> **Try it**: In the material below, find the line with "Motorcycle Women's Helmets" and the line with "Late 18th century inlaid walnut writing desk". Output exactly those two lines and all lines between them, leaving out pictures.

> **Source data**:

= = = = =

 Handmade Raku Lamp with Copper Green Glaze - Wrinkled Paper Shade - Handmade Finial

= = = = =

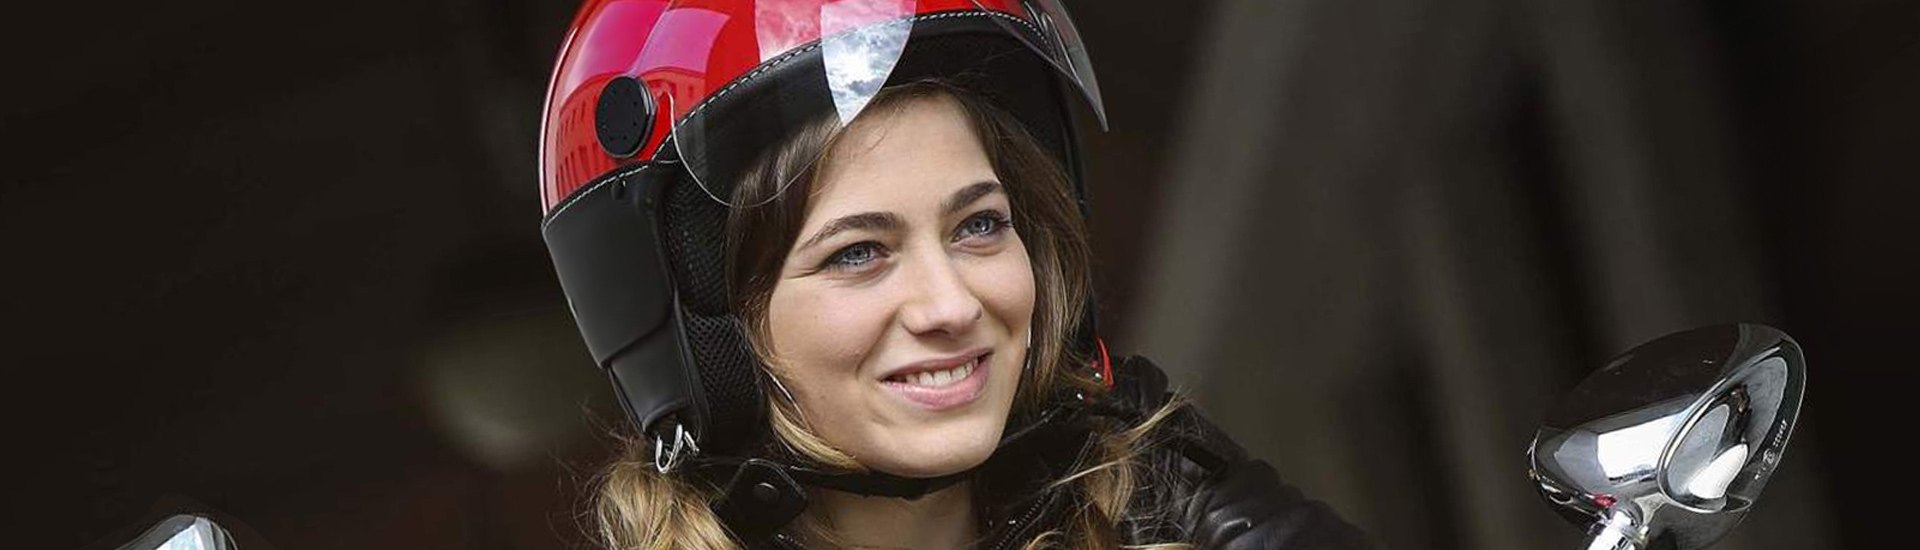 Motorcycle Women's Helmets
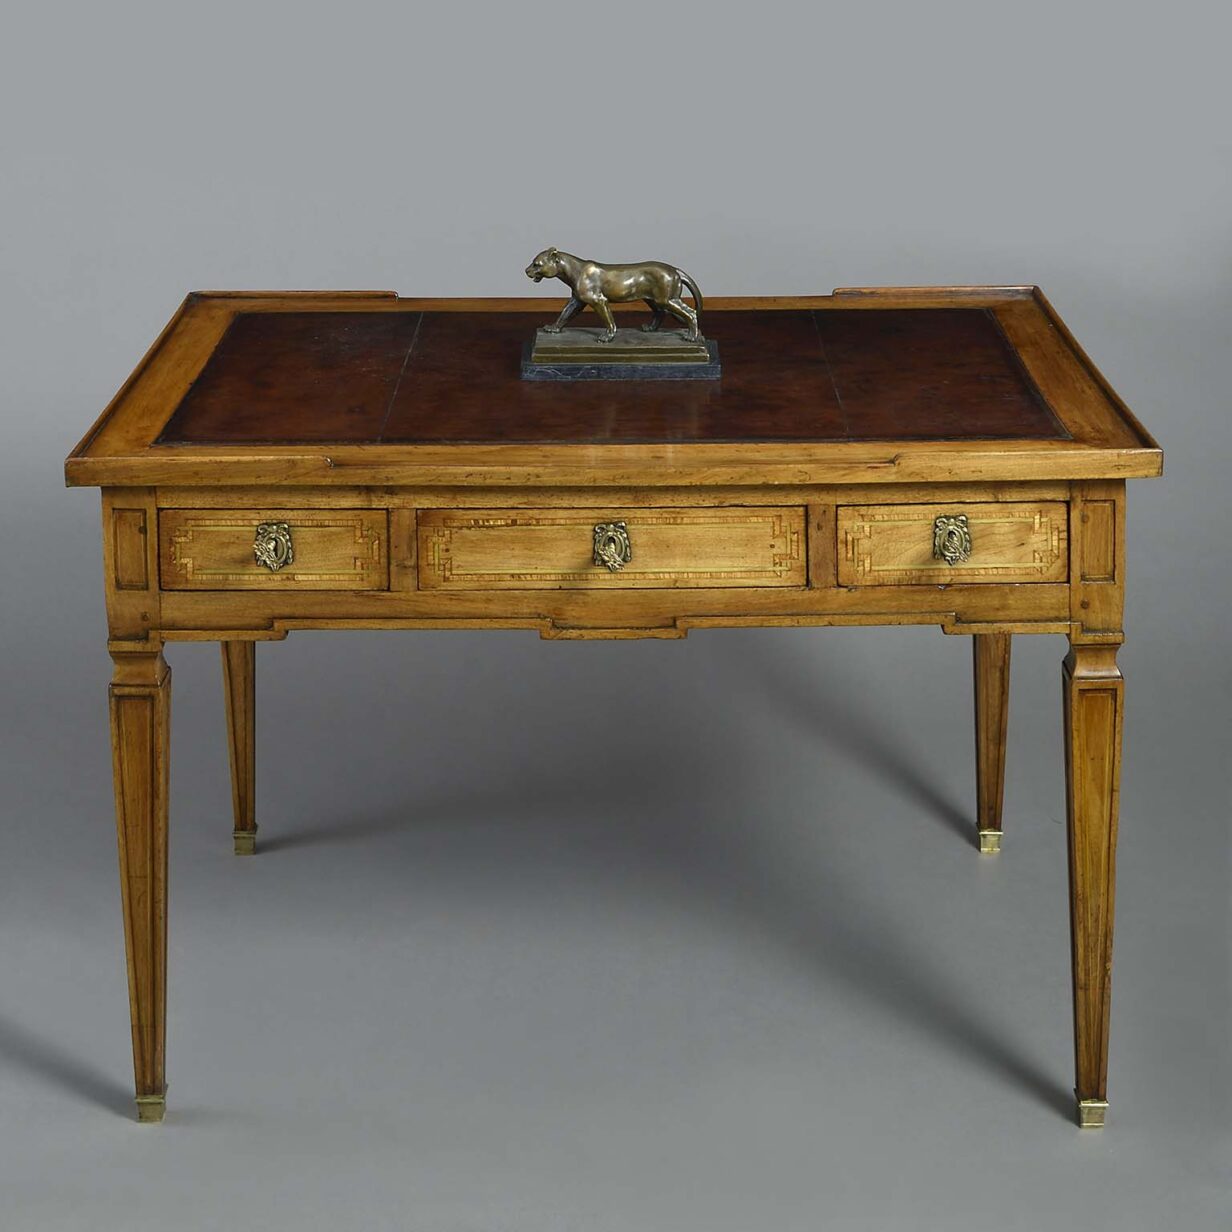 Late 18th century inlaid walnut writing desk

= = = = =

> **Exercise output**:
 Motorcycle Women's Helmets
 Late 18th century inlaid walnut writing desk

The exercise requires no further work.